28.   The Court Order Interest Act applies to the CRT. The applicants are entitled to pre-judgement interest on the damages from March 29, 2018, the date of Heritage’s invoice, to the date of this decision. This equals $120.02.

29.   Under section 49 of the CRTA and CRT rules, the CRT will generally order an unsuccessful party to reimburse a successful party for CRT fees and reasonable dispute-related expenses. I see no reason in this case not to follow that general rule. Since the applicants were only partially successful, I find the applicants are entitled to reimbursement of $87.50 in CRT fees. The applicants did not claim dispute-related expenses.

ORDERS

30.   Within 14 days of the date of this order, I order the respondent, Russell Hendrix FoodService Equipment, to pay the applicants, Boulangerie FOl Epi Inc and Intact Insurance Company a total of $3,207.52 broken down as follows:

a.    $3,000 as damages,

b.    $120.02 in pre-judgment interest under the Court Order Interest Act, and

c.    $87.50 in CRT fees.

31.   The applicants are entitled to post-judgment interest, as applicable.

32.   I dismiss the applicants’ remaining claims.

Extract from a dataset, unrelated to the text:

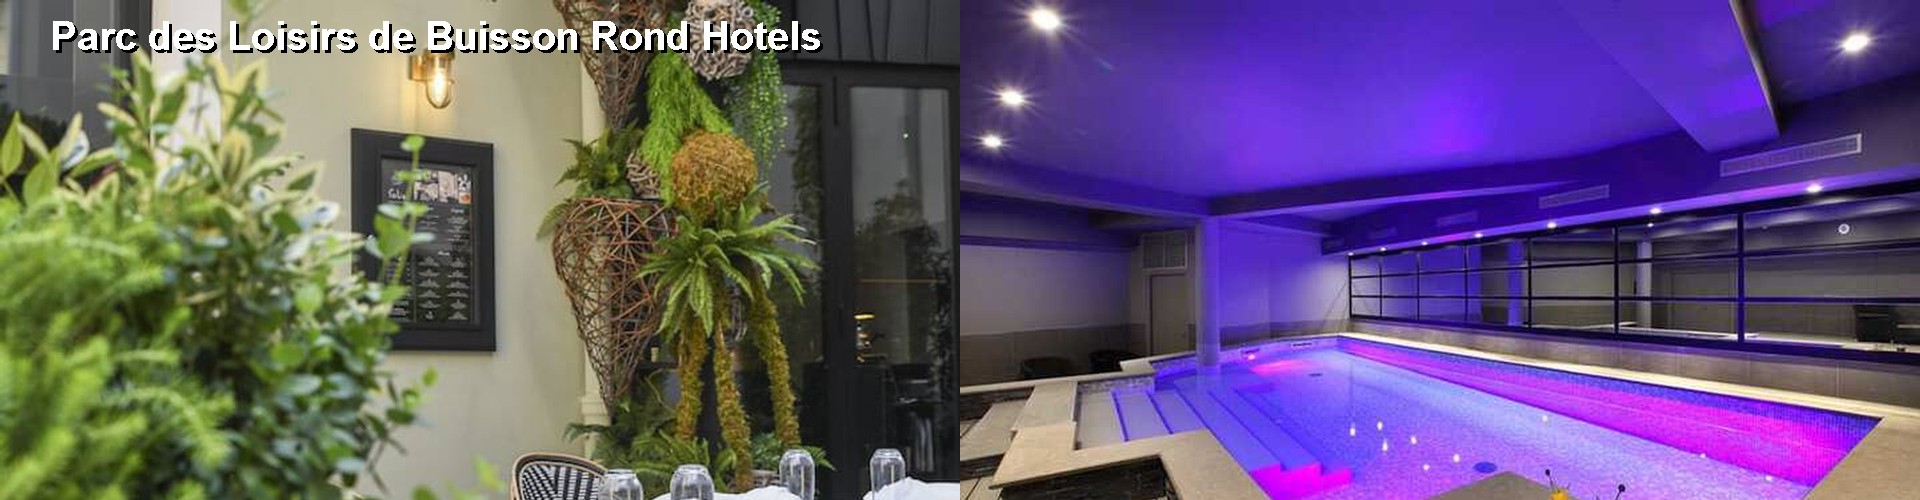 5 Best Hotels near Parc des Loisirs de Buisson Rond

33.   Under section 48 of the CRTA, the CRT will not provide the parties with the Order giving final effect to this decision until the time for making a notice of objection under section 56.1(2) has expired and no notice of objection has been made. The time for filing a notice of objection is 28 days after the party receives notice of the CRT’s final decision.

34.   The Minister of Public Safety and Solicitor General has issued a Ministerial Order under the Emergency Program Act, which says that tribunals may waive, extend or suspend a mandatory time period. The CRT can only waive, suspend or extend mandatory time periods during the declaration of a state of emergency. After the state of emergency ends, the CRT will not have this ability. A party should contact the CRT as soon as possible if they want to ask the CRT to consider waiving, suspending or extending the mandatory time to file a Notice of Objection to a small claims dispute.

35.   Under section 58.1 of the CRTA, a validated copy of the CRT’s order can be enforced through the Provincial Court of British Columbia. A CRT order can only be enforced if it is an approved consent resolution order, or, if no objection has been made and the time for filing a notice of objection has passed. Once filed, a CRT order has the same force and effect as an order of the Provincial Court of British Columbia. 

36.   A party in default (here, Russell and ProWork) has no right to make a Notice of Objection, as set out in section 56.1(2.1) of the CRTA.